The plot above shows the team strength rating in the final week of the season. Plotting it in the way I have done above allows us to also compare competitiveness across leagues. It appears that the gap between the best and the worst teams is larger in Italy, Spain and Germany than in England. Teams 2-6 in England appear to be better than peers in all other leagues. The bottom 7 or 8 teams appear to be equally bad in all other leagues. The difference between the best and teams 2-6 in the Premier League is also more pronounced in 2017-18 than it used to be, considering Manchester City had a historic season recording 100 points. The plot below does the same for season 2016-17 and you can see that the difference is not as pronounced.

## Season 2016-17
s = [samplesE1617, samplesS1617, samplesG1617, samplesI1617]
Ts = [TeamsE1617, TeamsS1617, TeamsG1617, TeamsI1617]

plot_comp_rating(s, Ts)

Comparing Home Advantage

def plot_home_adv(s, Ts):
    
    plt.figure(figsize = (10,18))
    data = []
    #plt.figure.tight_layout()
    for samples, Teams in zip(s, Ts):
        x = samples['alphaTeam'][1000:][:].mean(axis = 0) + samples['alpha'].mean(axis = 0)
        e = samples['alphaTeam'][1000:][:].std(axis = 0)

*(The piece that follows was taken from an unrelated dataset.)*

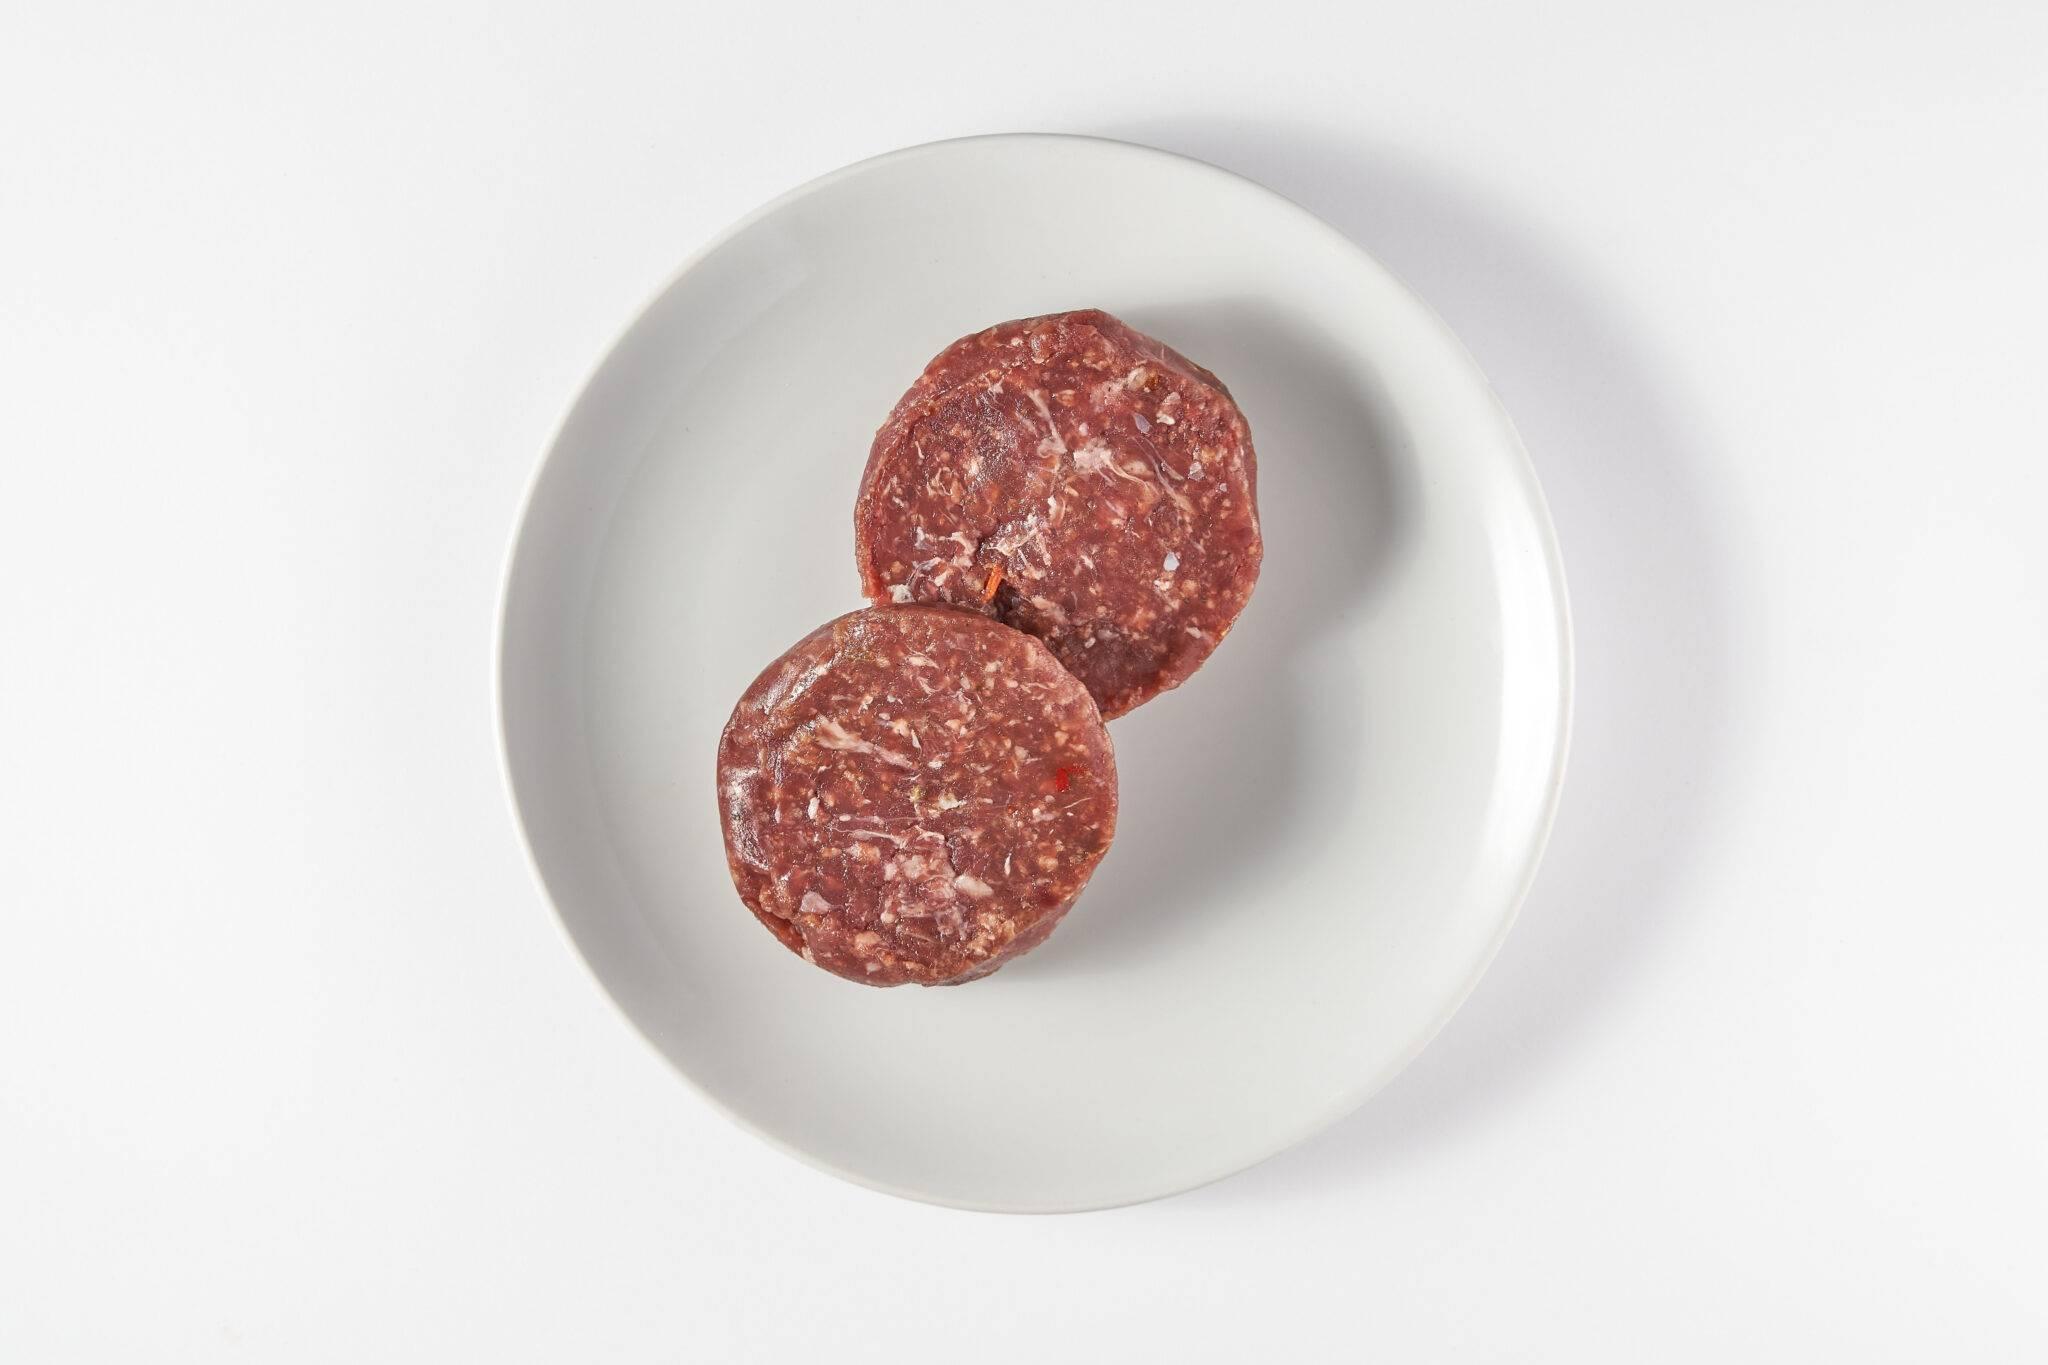 Vleesch & Co wildburger

        data.extend(sorted(list(zip(x, Teams, e)), key = lambda x: x[0]))
    
    x_val = [x[0] for x in data]
    e_val = [x[2] for x in data]
    T = [x[1] for x in data]

    x = x_val
    y = np.linspace(-2, 2, len(data))
    my_yticks = T

    plt.yticks(y, my_yticks)
    plt.errorbar(x, y[:len(x_val)], xerr = e_val, fmt='o', color='black',
                 ecolor='lightgray', elinewidth=3, capsize=0)
    plt.xlabel('Estimated Home Advantage (log-odds scale)')
    plt.xlim(0.02,0.12)
    plt.savefig('1617HomeStrength.png', dpi = 300, bbox_inches = 'tight')    
    plt.show()
    

s = [samplesE1617, samplesS1617, samplesG1617, samplesF1617, samplesI1617]
Ts = [TeamsE1617, TeamsS1617, TeamsG1617, TeamsF1617, TeamsI1617]

plot_home_adv(s, Ts)

s = [samplesE1718, samplesS1718, samplesG1718, samplesF1718, samplesI1718]
Ts = [TeamsE1718, TeamsS1718, TeamsG1718, TeamsF1718, TeamsI1718]

plot_home_adv(s, Ts)

Looking at the above two plots, it appears there is a small home advantage. It is the highest in the English Premier League on average compared to the other leagues. This might explain why the Premier League is more competitive than the other leagues.